Филип предпочел бы получить непочтительный пинок, чем быть сожранным со всем уважением, но что-то подсказывало: пищу не спрашивают, хочет ли она лезть в котел.
— К тому же, — продолжал Данеон невозмутимо, — вы станете подношением Богам, а в жертву высшим силам надо приносить лишь самое лучшее, не так ли? Та девочка-вышивальщица, чистая и невинная, с ее мастерством, волшебные руки Тристана, пастырь с золотым сердцем и красноречивым языком, другие… Лучшие части мы всегда оставляем богам. Вы — человек многих достоинств, лорд Филип, но все же думаю, самое ценное в вас — это древняя кровь. Ваша драгоценная кровь, кровь сюляпаррских принцев, откроет, наконец, врата! Мой сын пошел выяснять, можно ли просто незаметно пролить ее на развалины башни — ведь это священное место ваши дружки разрушили… Хорошо хоть подземные ходы остались целы. У меня только одно маленькое сомнение… — Познающий нахмурился, — В книге сказано — последней жертвой должна стать
Мысли Филипа тоже метались по лабиринту страха, отчаяния и озарений. За каждым углом — ответ на вопрос. Нет только выхода…
— Так это значит что, — осознал он, — вы хотели меня убить с самого начала?! А это, — Филип злобно покосился на Эллис, задетый даже сейчас, на грани смерти, — все был жалкий спектакль?
— Как ты можешь так говорить! — голос Эллис дрожал искренней обидой. — Да, в начале, действительно, мы старались познакомиться с тобой с тайной целью, но потом… — Ее пальцы взъерошили его кудри, как в старые добрые времена. — Разве могла я в тебя не влюбиться? Пришлось поменять план.

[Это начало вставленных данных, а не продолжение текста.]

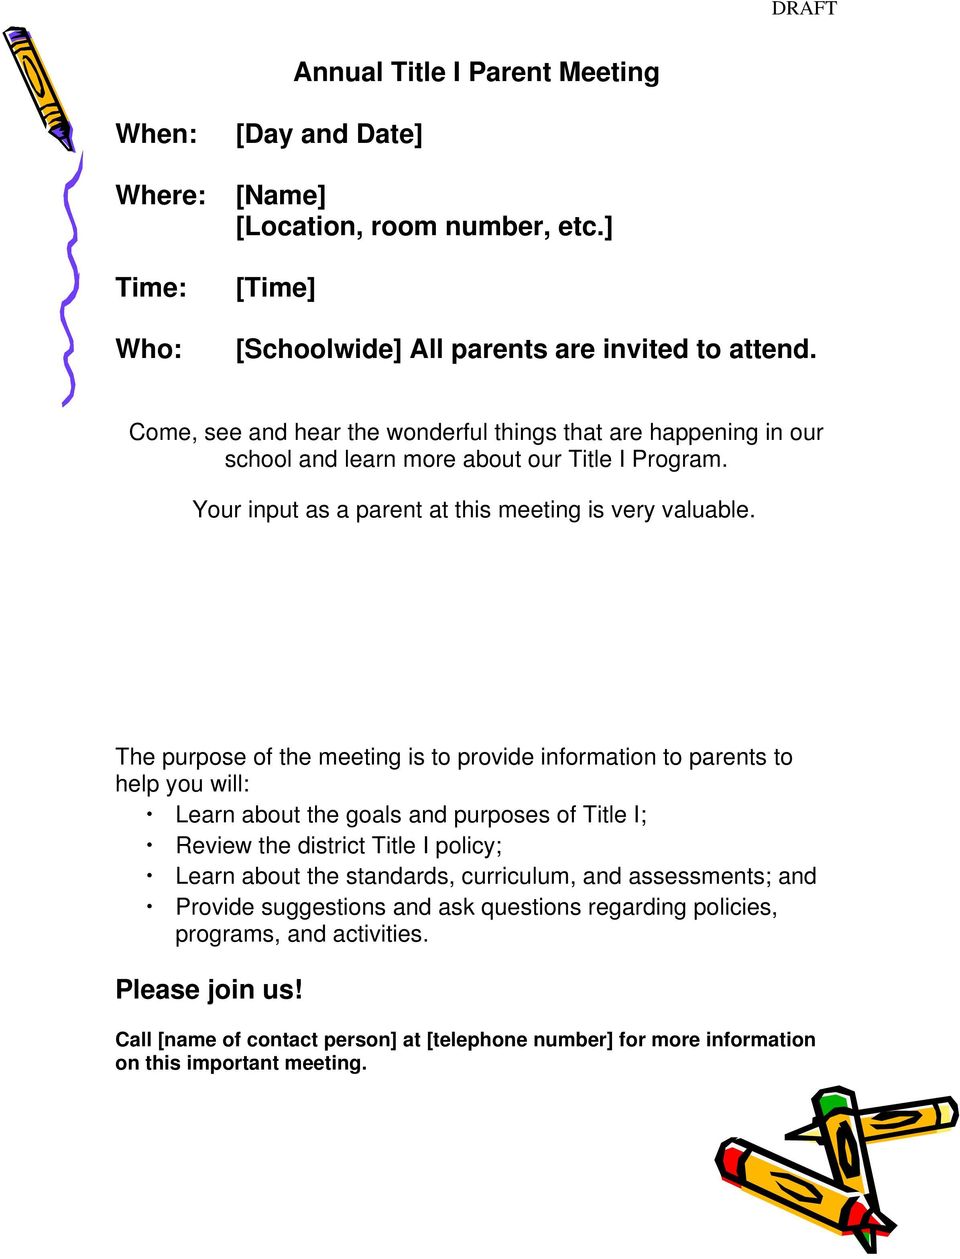 The purpose of the meeting is to provide information to parents to help you will: Learn about the goals and purposes of Title I; Review the district Title I policy; Learn about the

— Конечно, теперь, когда вы решили бросить мою дочь, мы возвращаемся к плану изначальному! — Данеон пожал плечами. — Уж не обессудьте. Признаться, я даже рад, что выйдет именно так, хотя не питаю к вам ни малейшей злобы. Но мне было бы еще больнее принести в жертву вашего брата. Он так напомнил мне вашу мать…
— Моего брата?! — Филип уже не знал, кто здесь сошел с ума. Может — он сам, а все это — причудливый кошмар его воспаленного разума.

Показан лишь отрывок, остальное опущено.